DATASET EXCERPT –
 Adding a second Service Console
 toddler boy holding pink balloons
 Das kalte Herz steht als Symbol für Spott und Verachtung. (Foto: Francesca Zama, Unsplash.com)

WORK TASK –
What is needed here is a word-for-word copy of the whole listing.

TASK SOLUTION –
 Adding a second Service Console
 toddler boy holding pink balloons
 Das kalte Herz steht als Symbol für Spott und Verachtung. (Foto: Francesca Zama, Unsplash.com)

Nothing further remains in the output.